**How to complete this task:**
Below is a listing; transcribe it exactly but without any images.

**Data excerpt:**
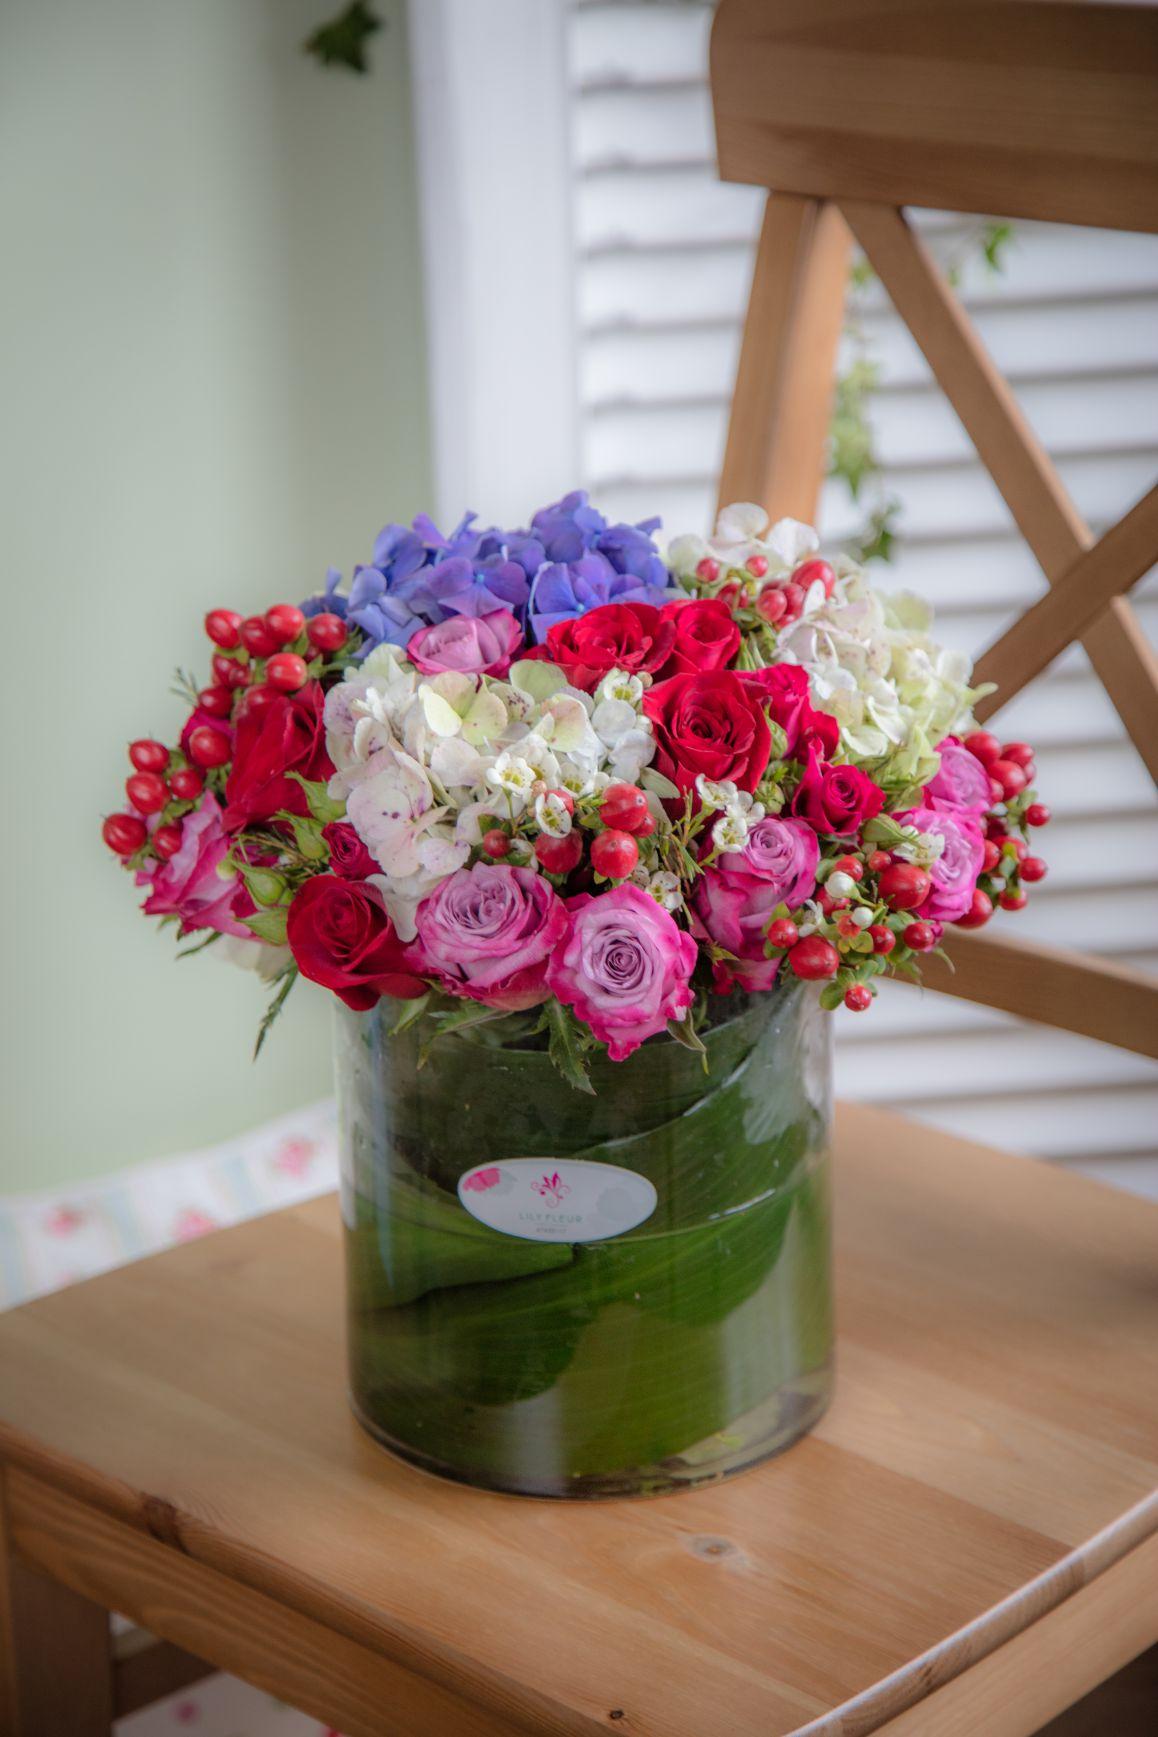 جويفل لي لي 'زهور مع قاعدة'
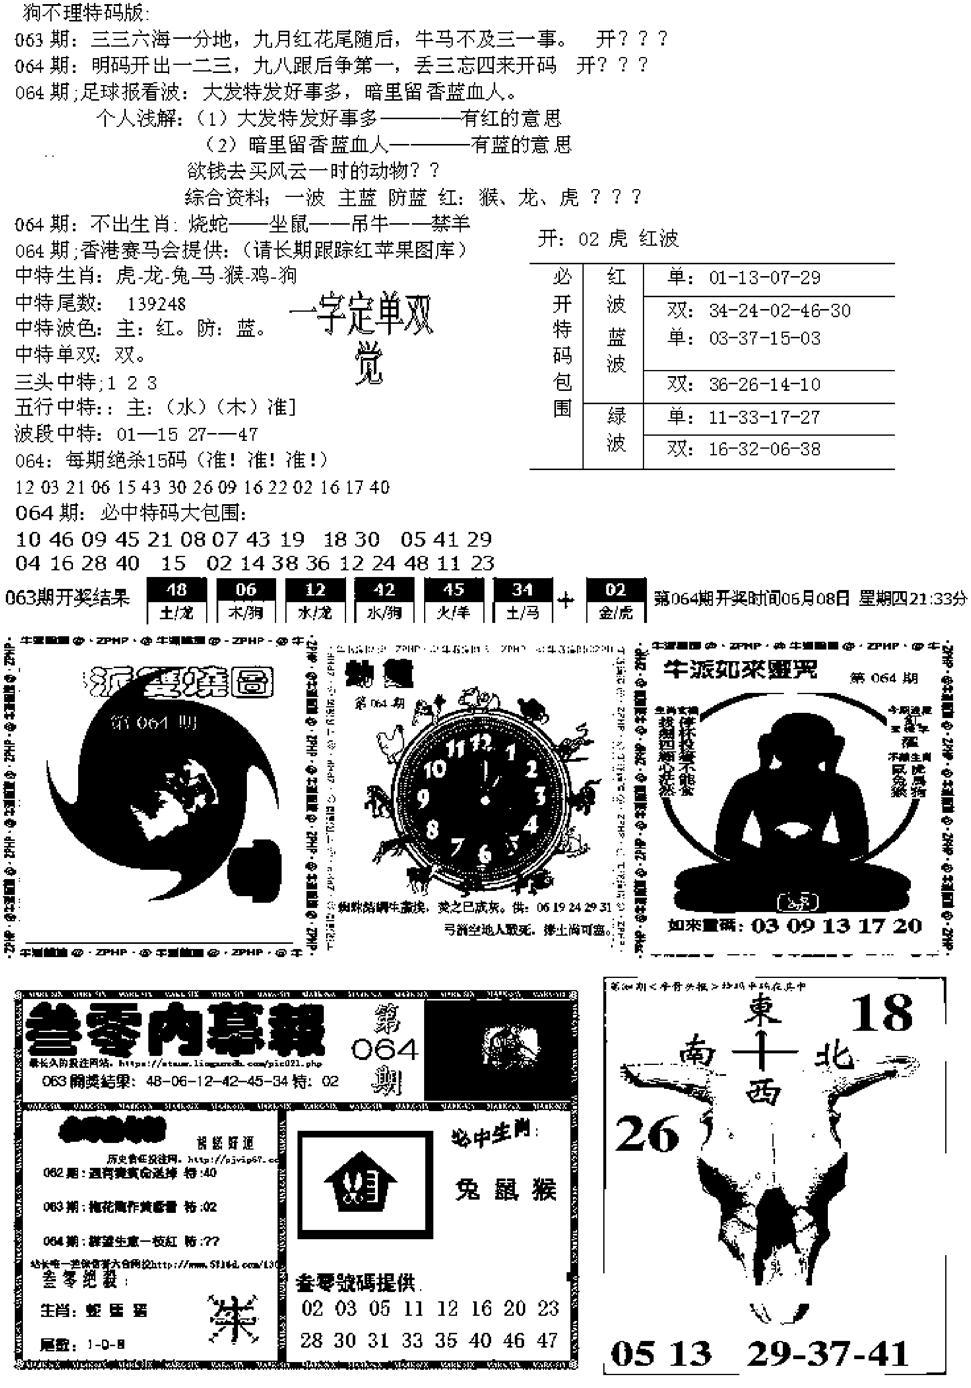 064期五鬼正宗久合儋料B(黑白)
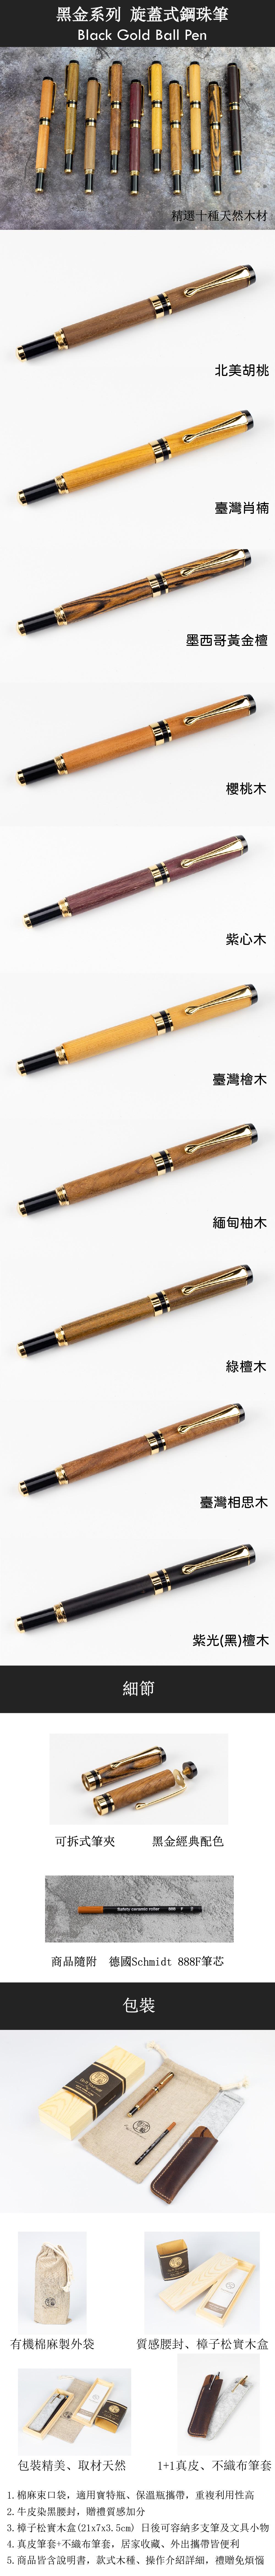 黑金鋼珠筆-01

**Response:**
 جويفل لي لي 'زهور مع قاعدة'
 064期五鬼正宗久合儋料B(黑白)
 黑金鋼珠筆-01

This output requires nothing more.